#### [Data below]
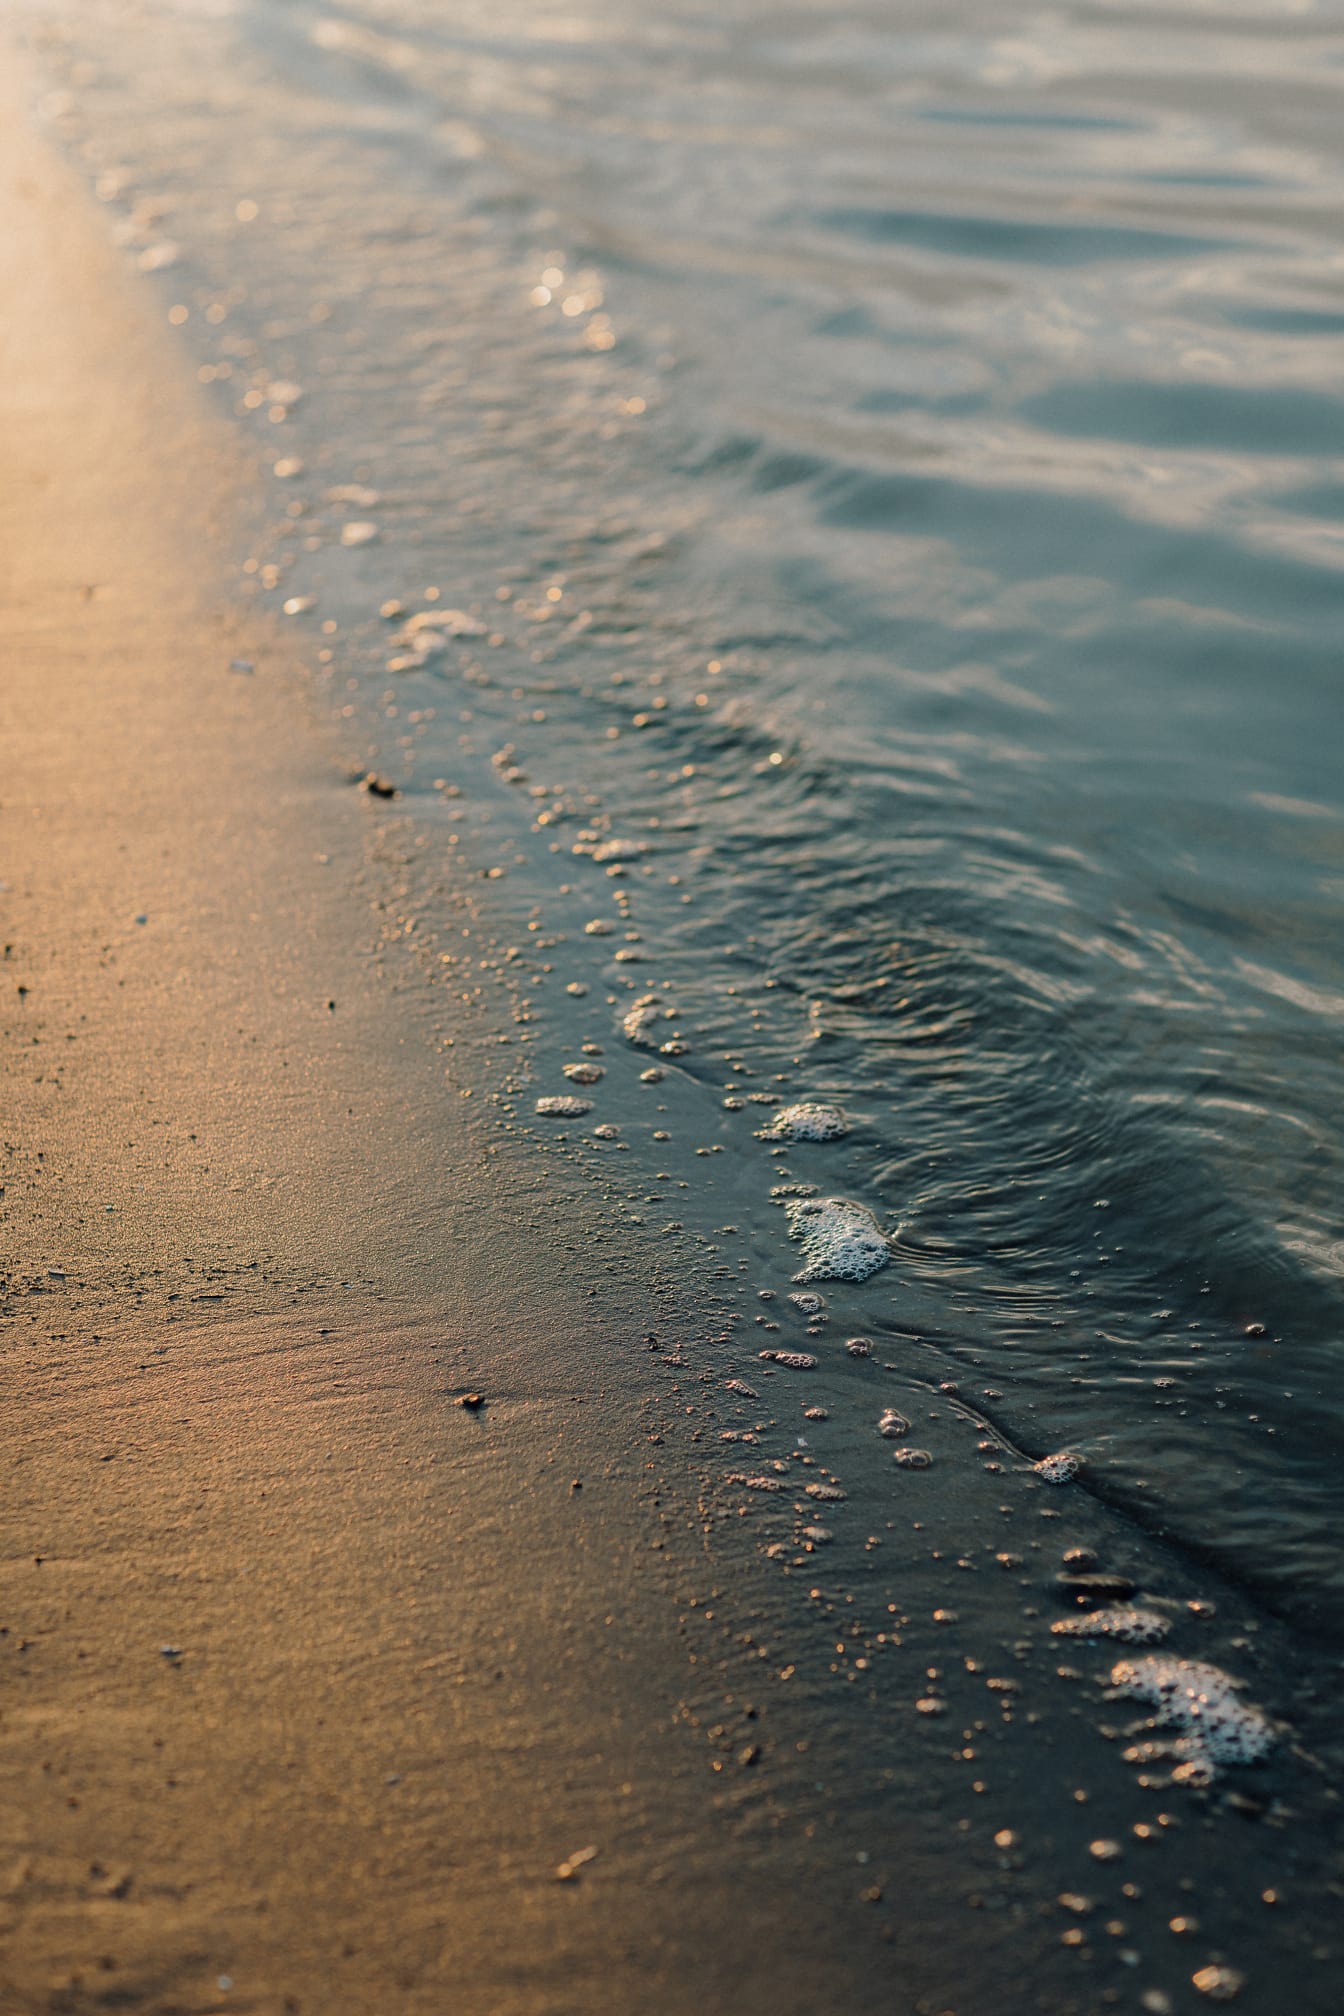 ภาพระยะใกล้ของทรายเปียกบนชายหาดพร้อมแสงสะท้อนของแสงแดดบนเกลียวคลื่น
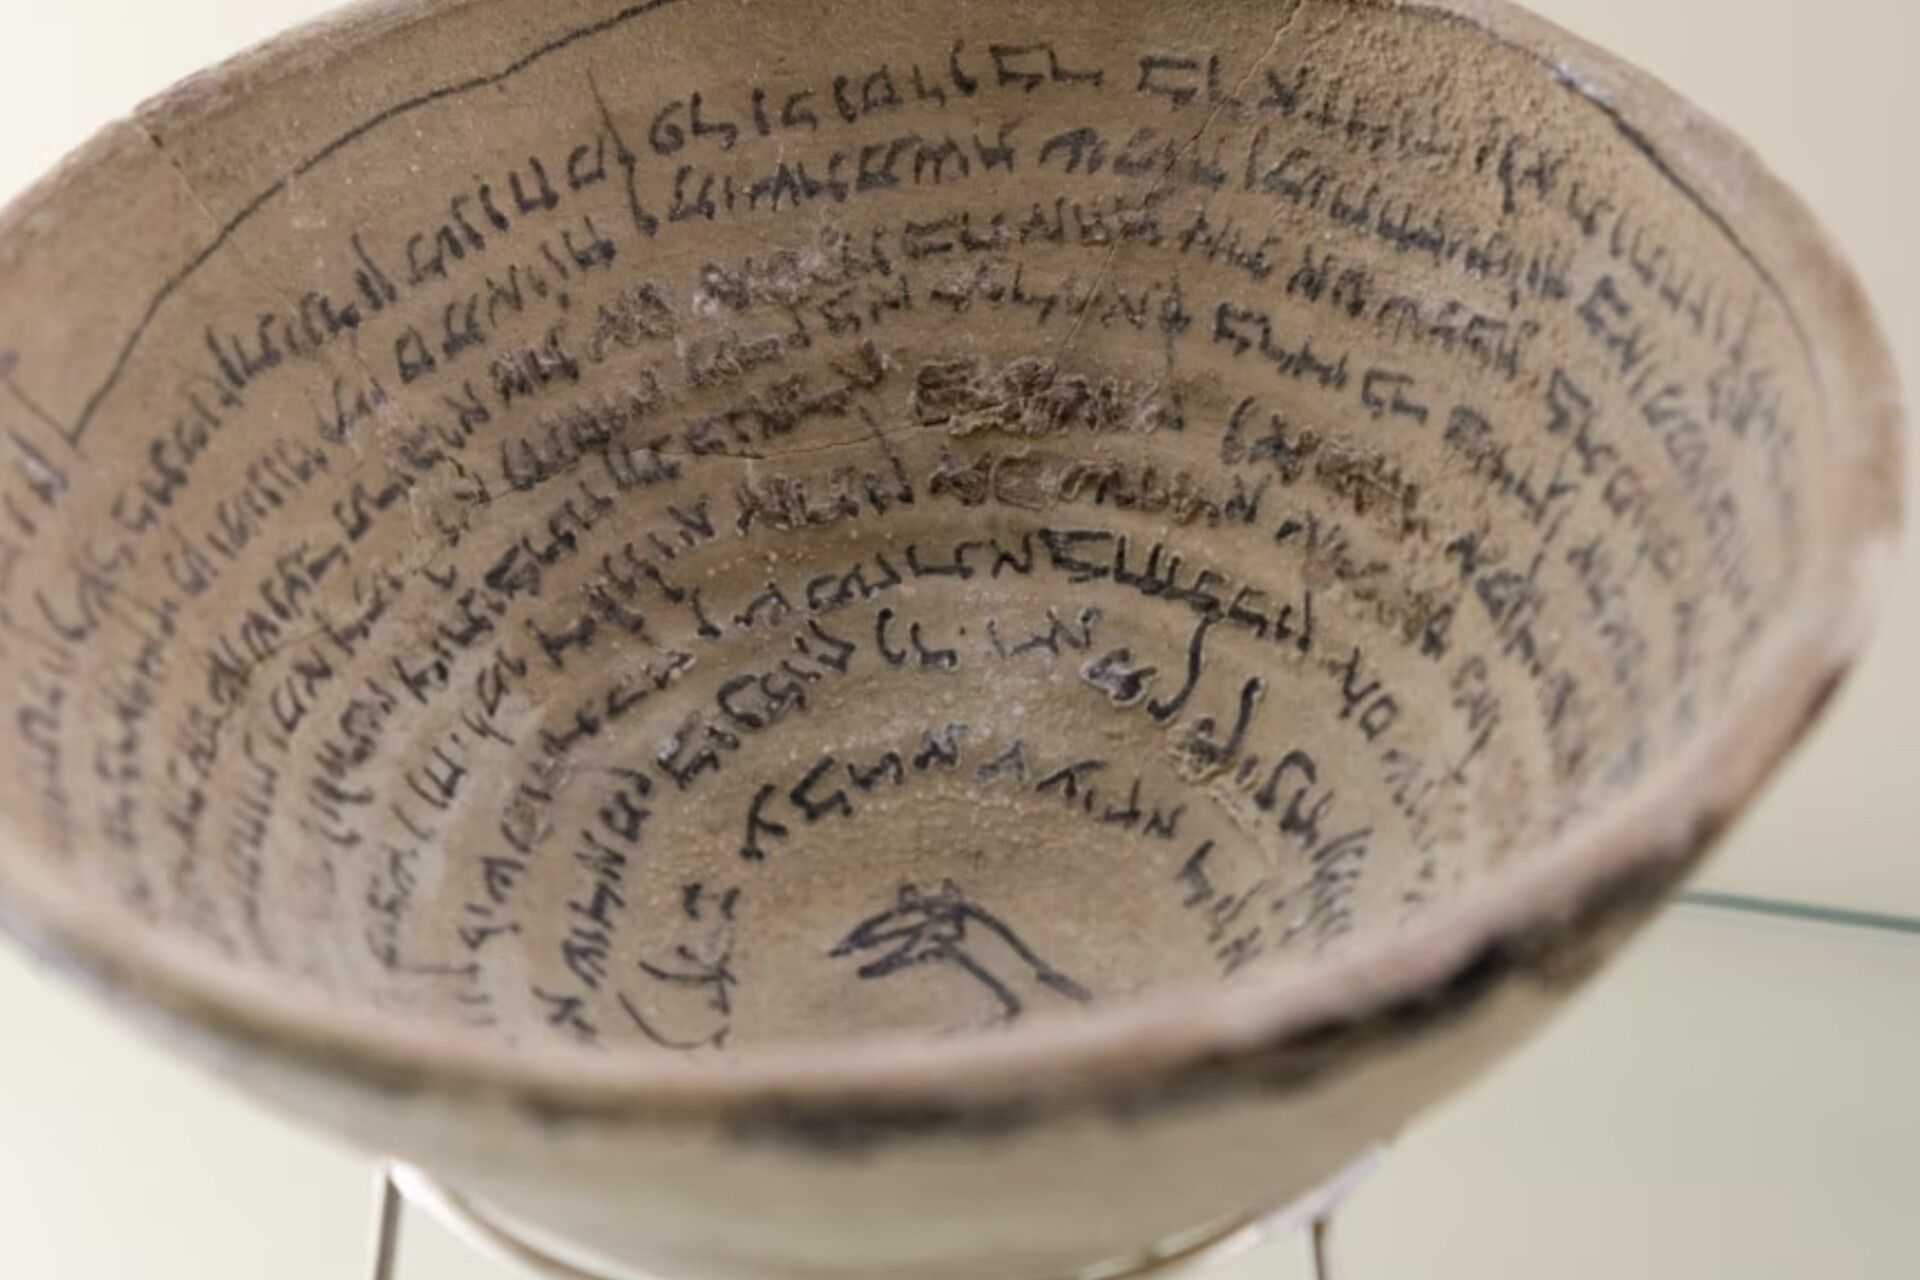 Cuneiforme: Uma representação da escrita cuneiforme em um vaso acadiano
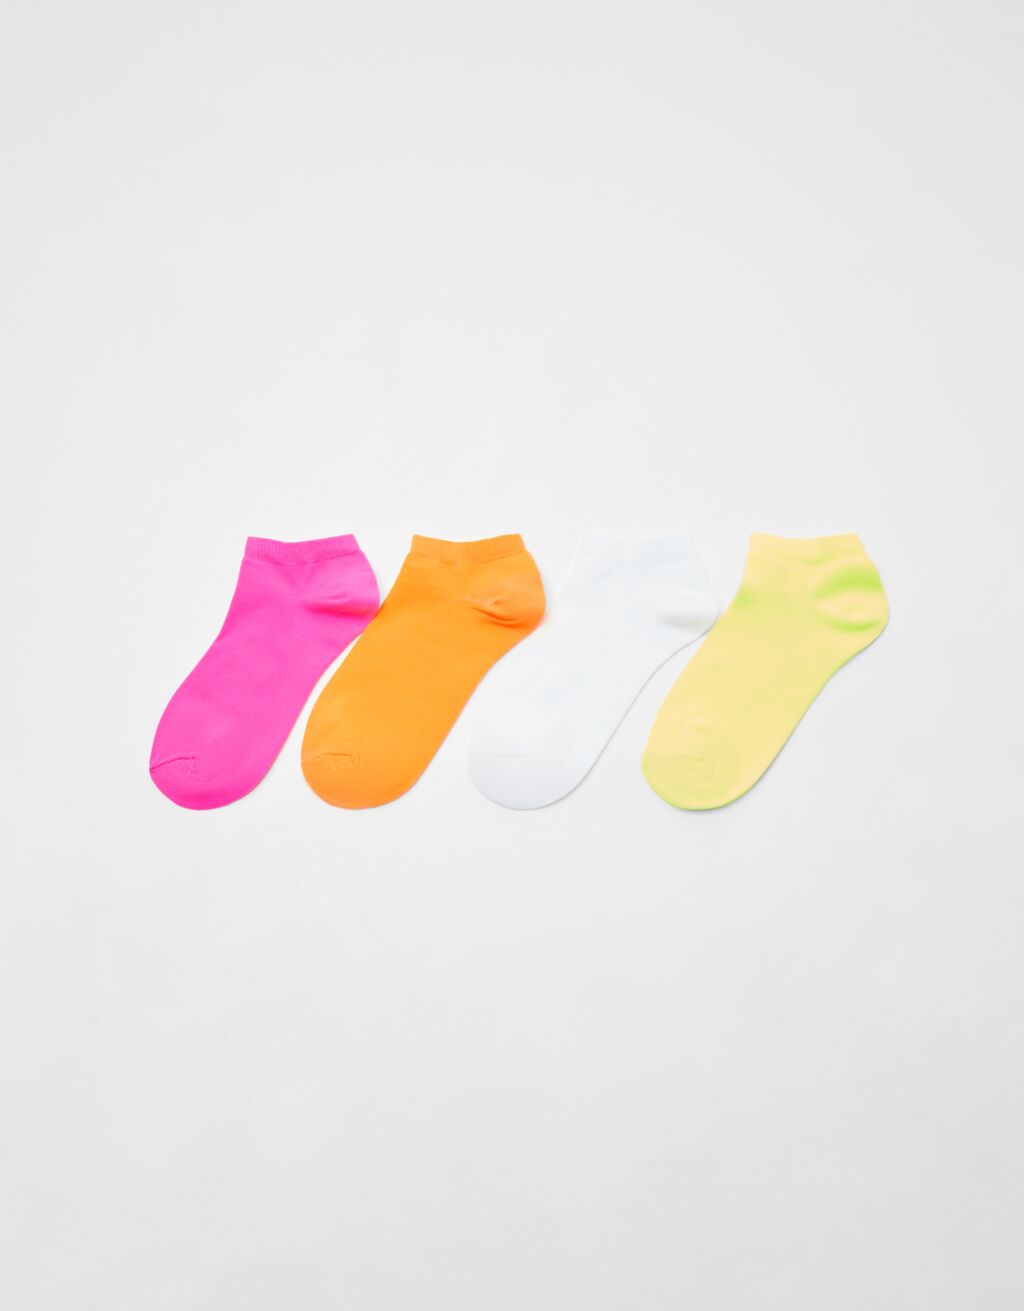 Σετ με 4 ζεύγη κάλτσες σε φθορίζοντα χρώματα

#### [Exercise instructions]
The finished answer is an exact repetition of the listing, with every picture removed.

#### [Reply to the task]
 ภาพระยะใกล้ของทรายเปียกบนชายหาดพร้อมแสงสะท้อนของแสงแดดบนเกลียวคลื่น
 Cuneiforme: Uma representação da escrita cuneiforme em um vaso acadiano
 Σετ με 4 ζεύγη κάλτσες σε φθορίζοντα χρώματα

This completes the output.